What's more, Rare Disease Therapeutics won U.S. approval for Anascorp based on a tiny study--just 15 patients--led by the University of Arizona. The company didn't develop the drug and doesn't manufacture it, but rather just markets it under license from Instituto Bioclon.

But Rare Disease Therapeutics isn't wholly responsible for Anascorp's price. In Arizona, it sells the antivenom for $3,500 per dose to specialty pharma Accredo Health Care, which distributes it to hospitals around the state. Apparently, Arizona hospitals are adding the biggest mark-up to Anascorp, if the variance in their price-per-vial is any indication. The Republic found one Phoenix hospital chain charging $7,900 per vial, another billing $9,077 per vial, and a third charging $12,467.

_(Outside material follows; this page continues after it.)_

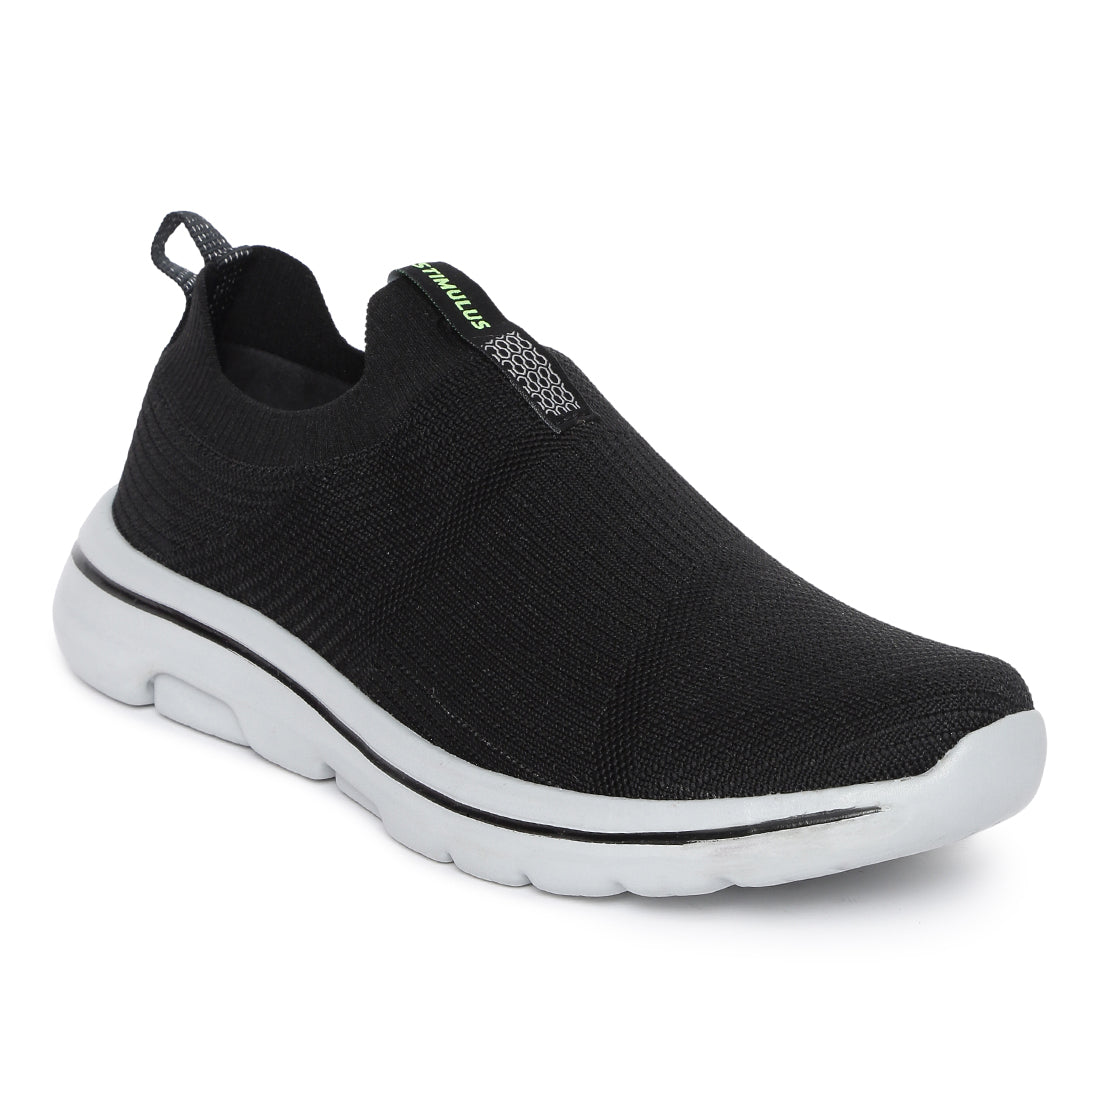 Stimulus FBSTG6032A Black Comfortable Daily Outdoor Knitted Training Shoes for Men

Still, the discrepancy between Mexican prices and U.S. prices raises some questions. It reminds us of the price differential between KV Pharma's newly approved prenatal drug Makena, which, until KV ($KV.A) paid for the trials to win FDA approval, could be had for $20 a dose at a compounding pharmacy. Now, it costs $690 per weekly dose--and that's after the company lowered its price by 55% in response to public outcry.

+ Wexico

Rare Disease's president, Milton Ellis, told the Republic that his company set the price based on a projected volume of 300-400 doses per year. In Arizona, 17,000 people are treated for scorpion stings annually. Ellis said the company paid for the clinical trials, financed the cost of FDA inspections at Instituto Bioclon's Mexican facilities, and will be on the hook for user fees if its revenue grows past $50 million, the newspaper said.